All that changed, however, when they pushed through the doors to Studio Three. “Look at the size of this place!” they beamed to one another, thinking it resembled “a football pitch.” The room was wide and airy, with a faint hospital-like smell. Errant wires snaked along the floor, and there were some chairs stacked routinely in one corner and a sound booth off to the side; otherwise, it was empty of the sound paraphernalia they had seen at Decca or even the Polydor sessions with Tony Sheridan.
While they set up, George Martin wasn’t anywhere to be seen. The Beatles were talked through the technical process by Ron Richards, another Parlophone producer, who brought along a couple of sound engineers to check out the band’s meager equipment. Eventually, the boys were escorted downstairs to the canteen, where Martin sat having tea. In his subsequent revisions of their meeting, Martin liked to skip directly to the session, where “it was love at first sight.” No doubt he was drawn to them in some instinctive way, charmed by their personalities, cowed by the length of their hair (which he considered “shocking”). But in fact, the introductions were more businesslike than romantic. It all boiled down to this: he wanted to hear what they could do. Then he would evaluate their potential and determine the next move.
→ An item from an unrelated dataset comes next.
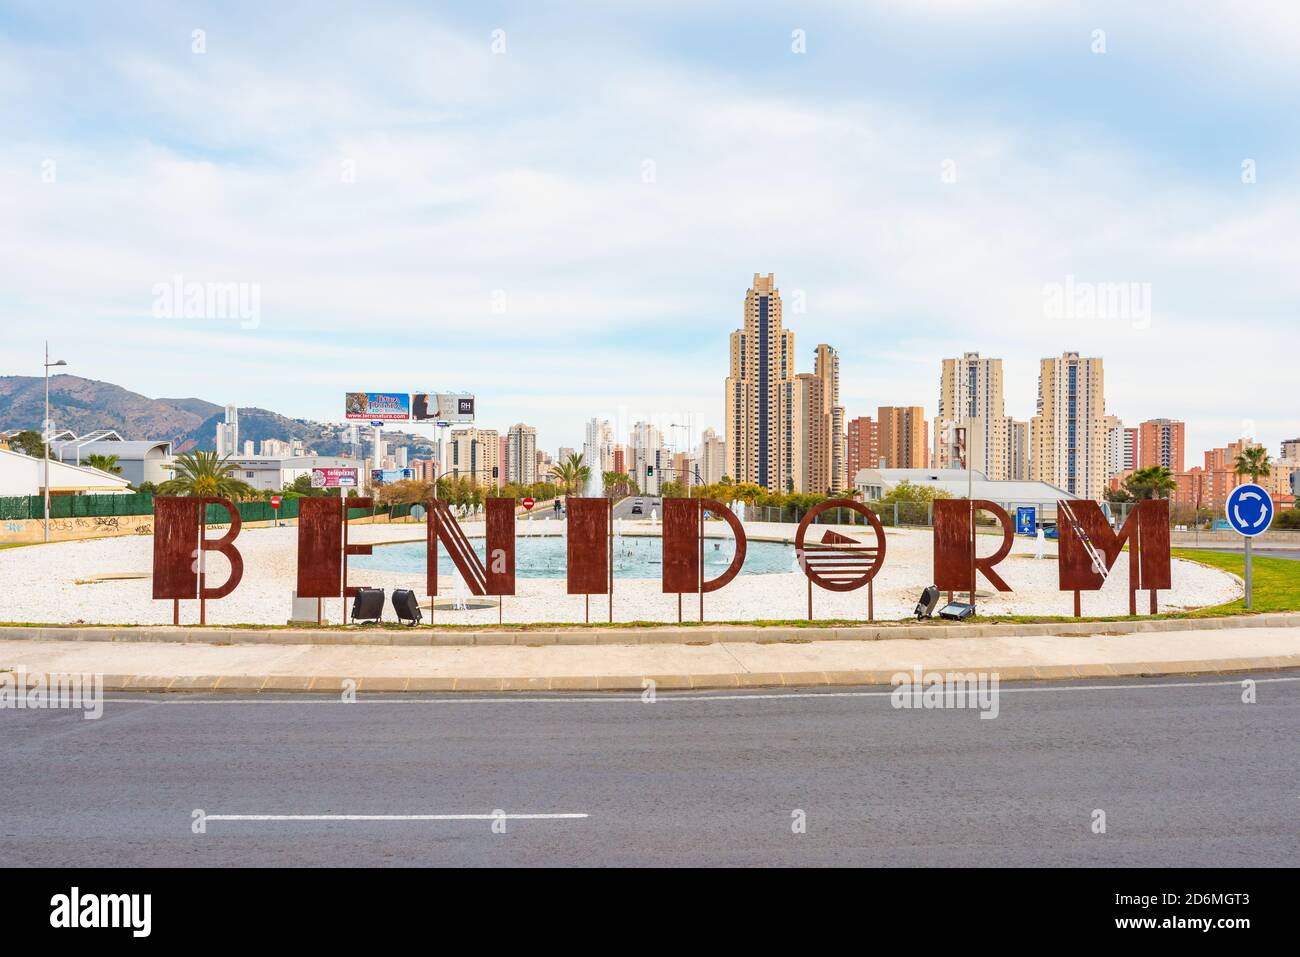 Benidorm letters on a roundabout in Benidorm, Spain. Benidorm attracts many tourists because of the very mild winters and hot summers. Stock Photo

In the meantime, the Beatles spent all afternoon running material for Ron Richards. They had polished a set of thirty-two songs that Brian had selected from their prodigious repertoire, and barely stopping to catch a breath between numbers, they breezed through them all, as though they were playing a breakneck lunchtime session at the Cavern. Richards says that he took an immediate liking to the boys themselves but “wasn’t terribly impressed” with what he heard. Their songs bored him, and their musicianship was “adequate” at best. If it were up to him, Richards says, “I probably wouldn’t have signed the Beatles.”